_Information shown_:

╭──

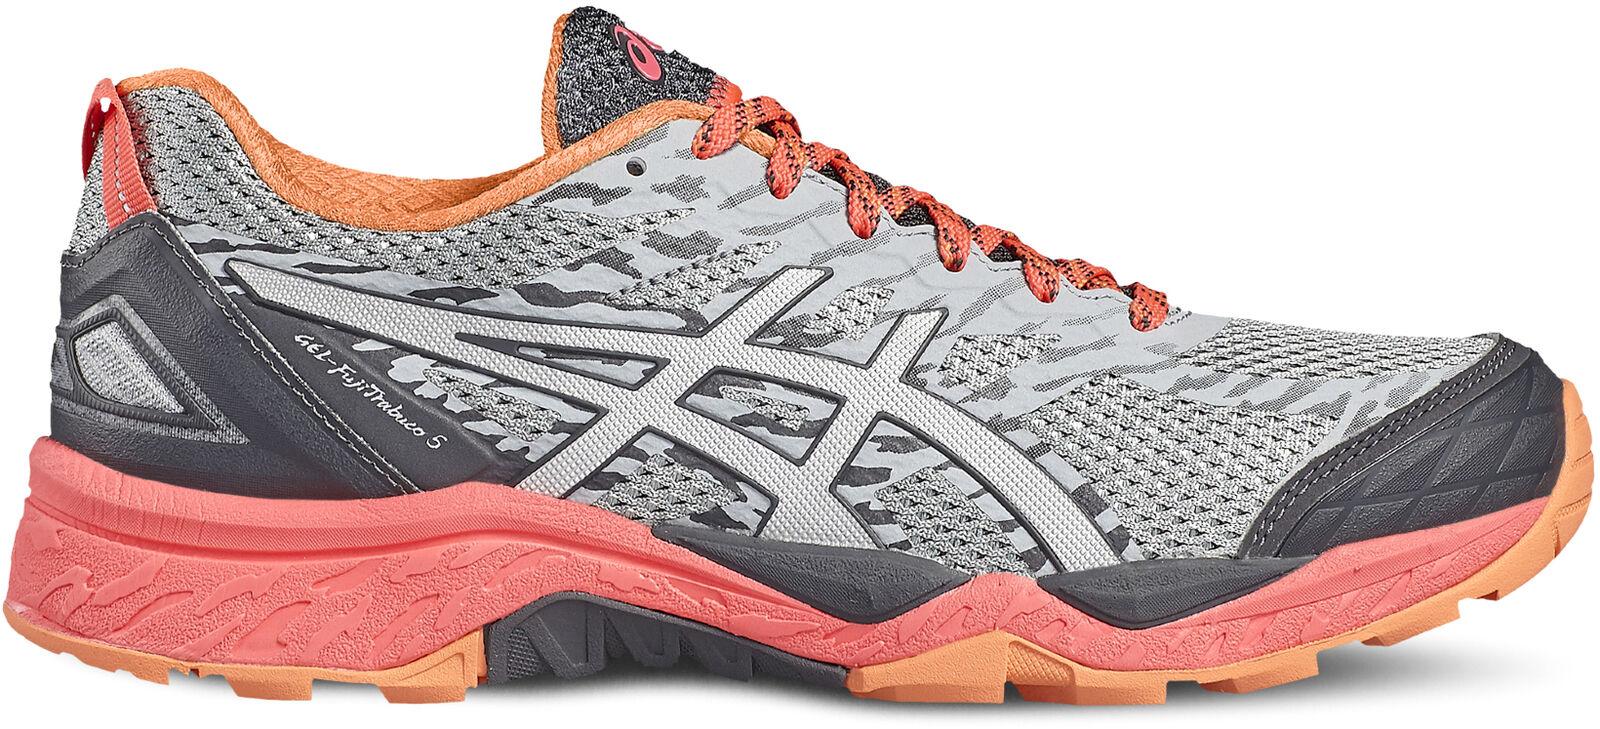 Asics Gel FujiTrabuco 5 Damenschuhe Trail Running Schuhes - Grau
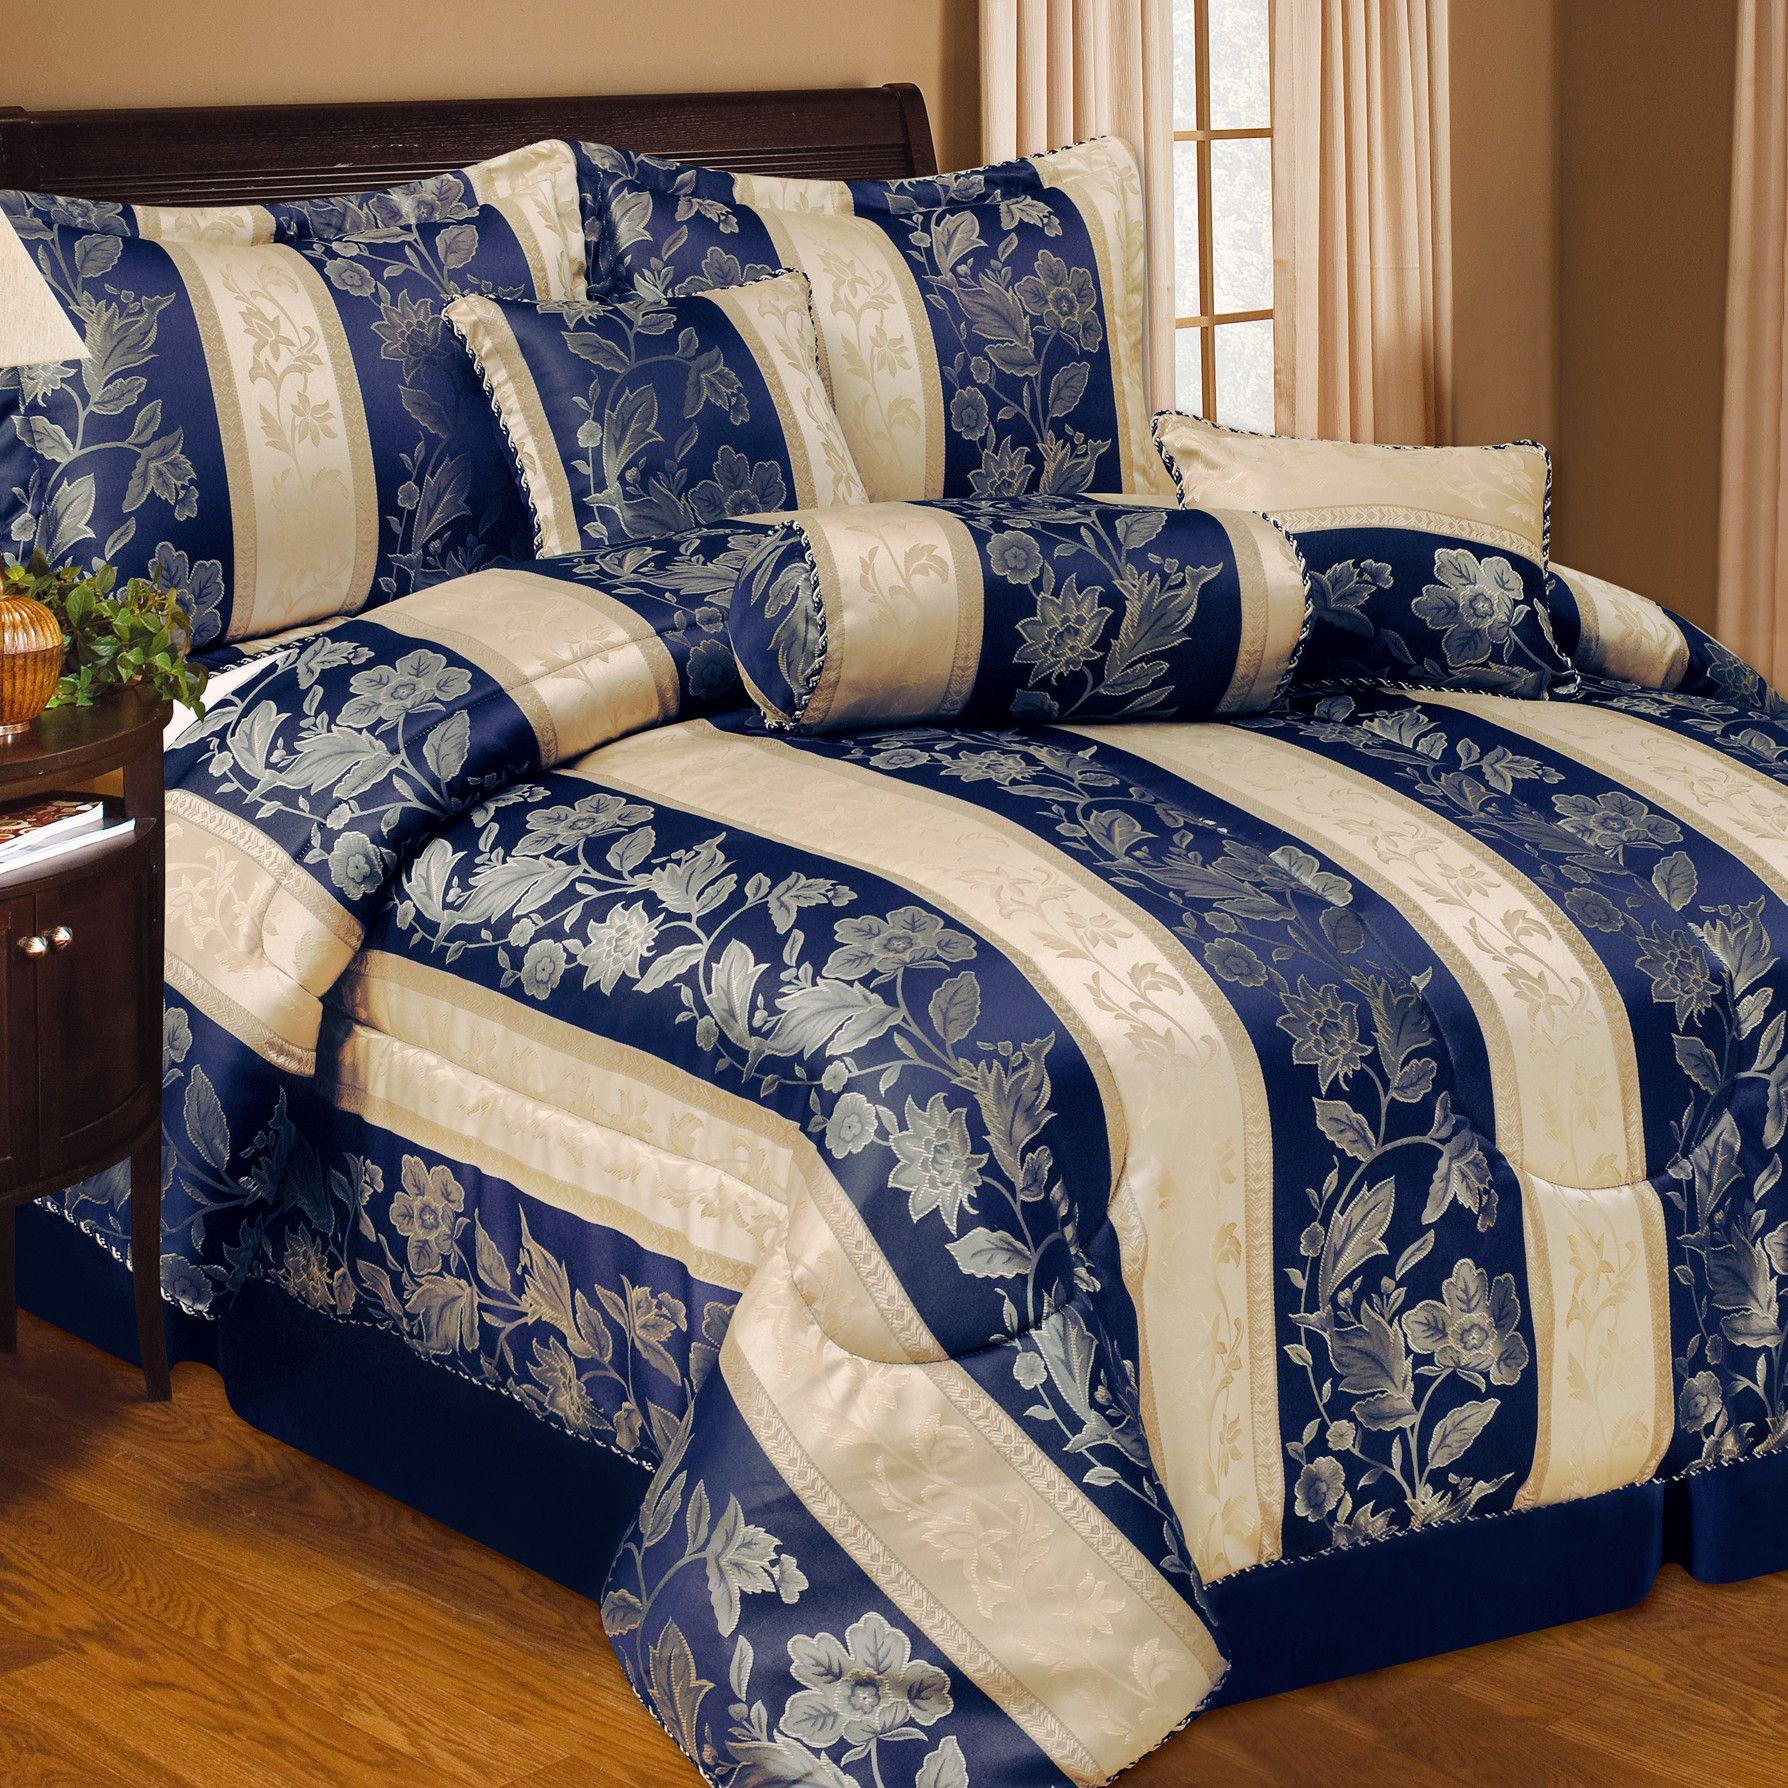 Soho Hotel 7 Piece Comforter Set Products Comforters
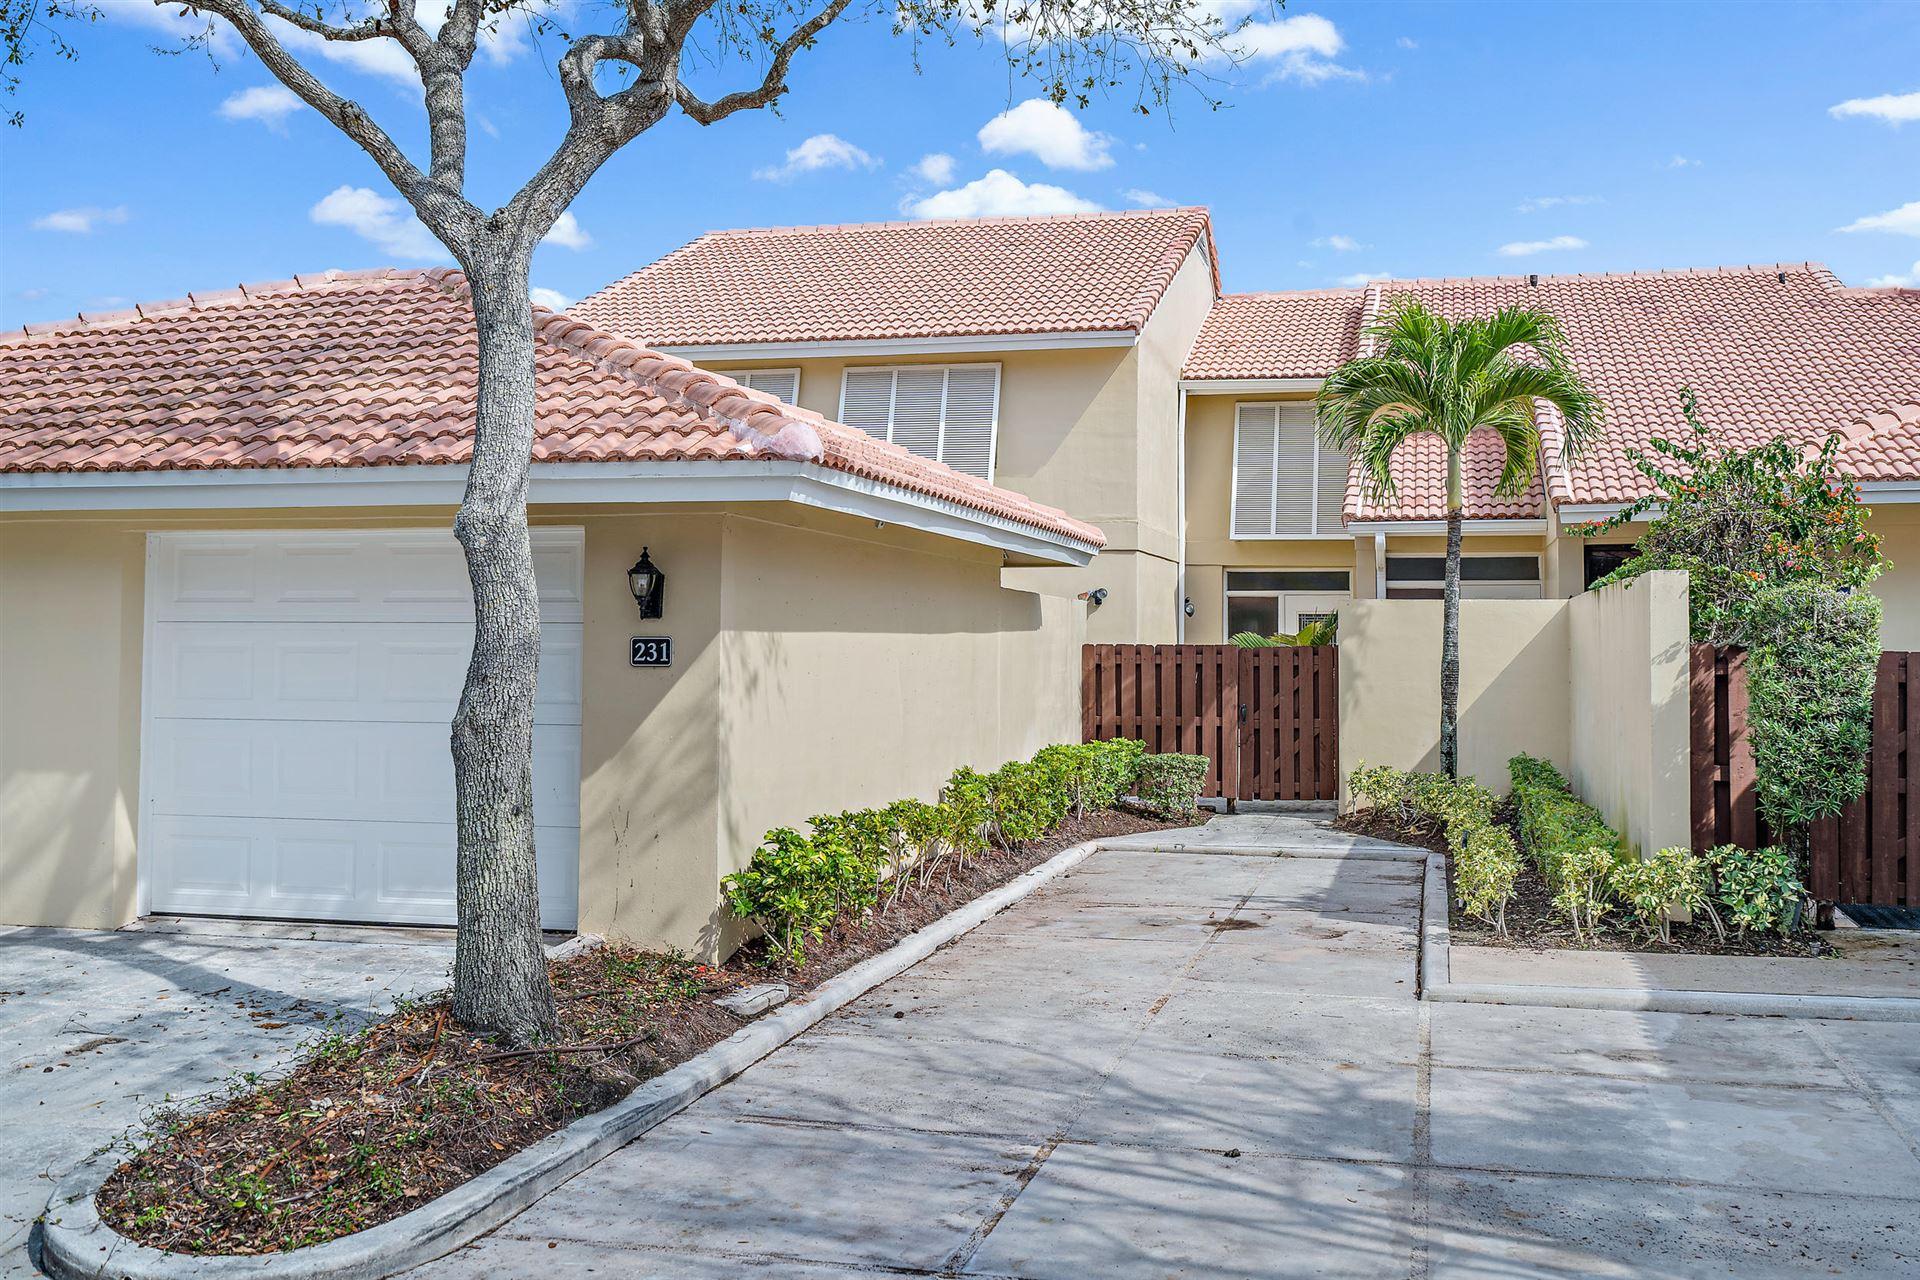 Photo of 231 Old Meadow Way, Palm Beach Gardens, FL 33418 (MLS # RX-10693306)
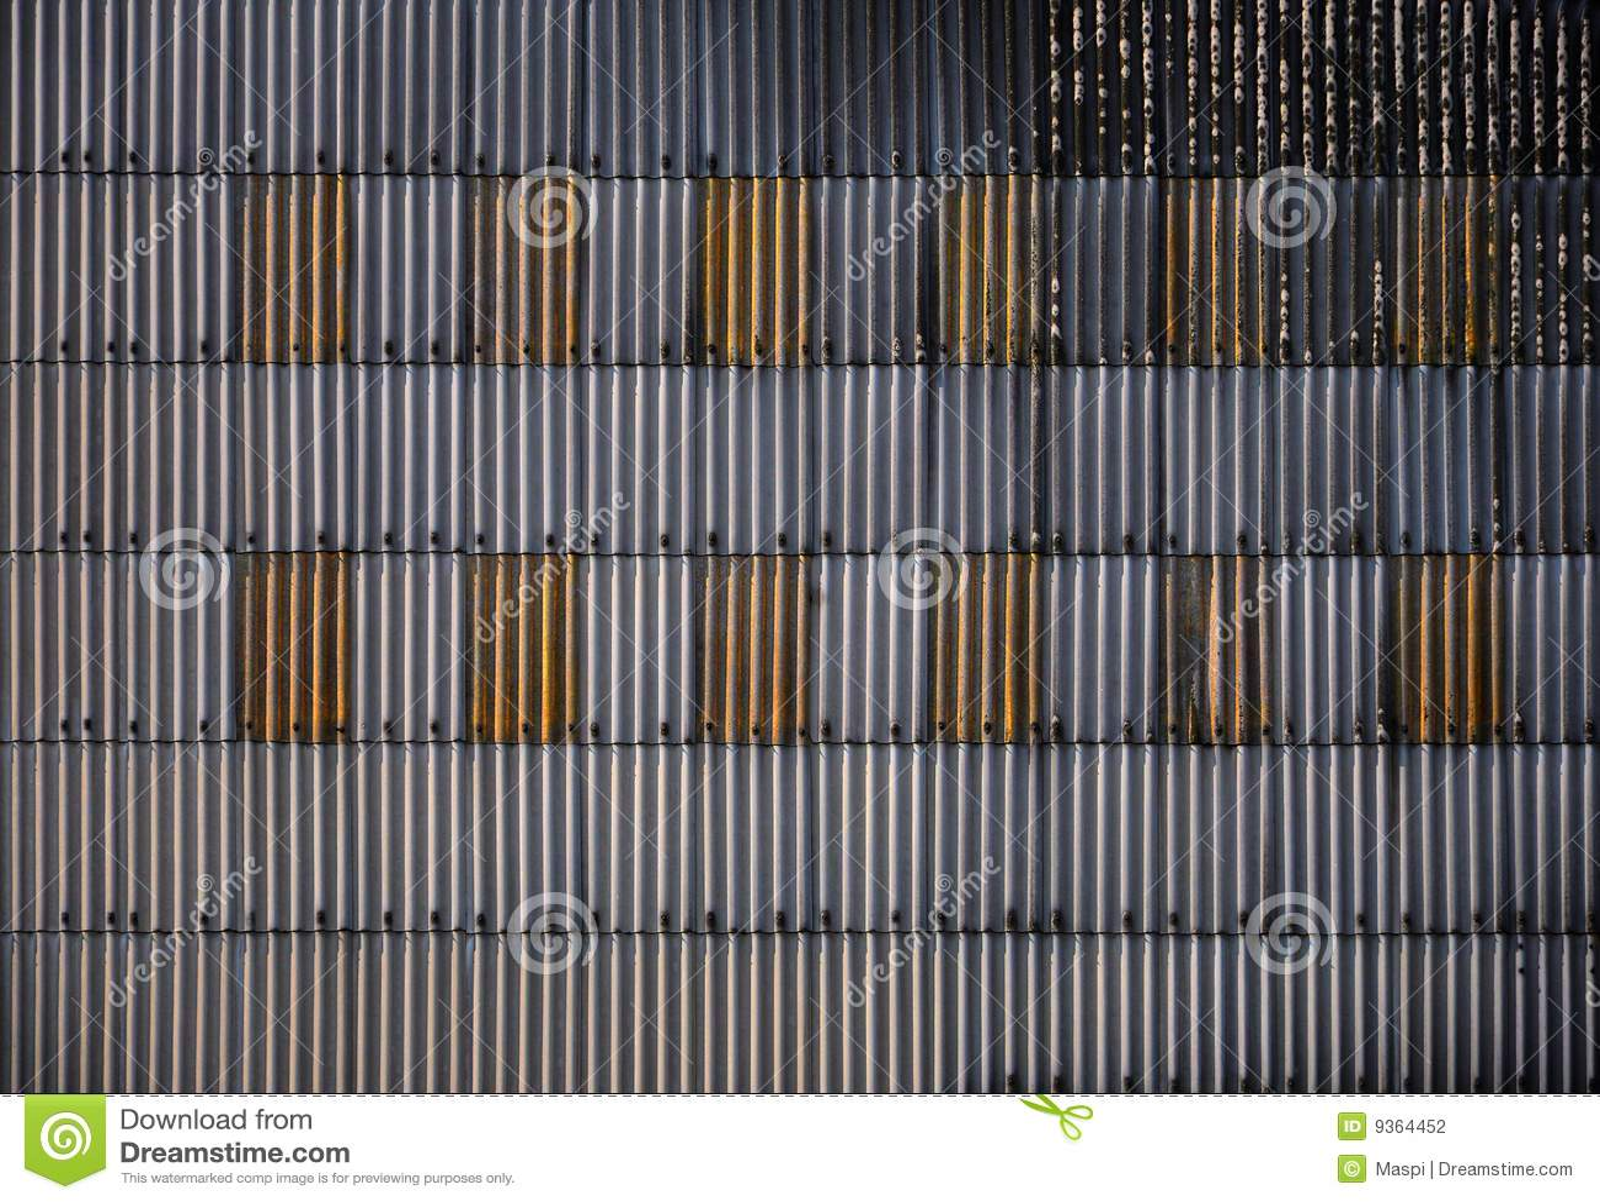 Corrugated Iron Wall Stock Photography Image 9364452

╰──

_What is expected_: Print every line above once more, exactly. Omit the pictures.

_Answer section_:
 Asics Gel FujiTrabuco 5 Damenschuhe Trail Running Schuhes - Grau
 Soho Hotel 7 Piece Comforter Set Products Comforters
 Photo of 231 Old Meadow Way, Palm Beach Gardens, FL 33418 (MLS # RX-10693306)
 Corrugated Iron Wall Stock Photography Image 9364452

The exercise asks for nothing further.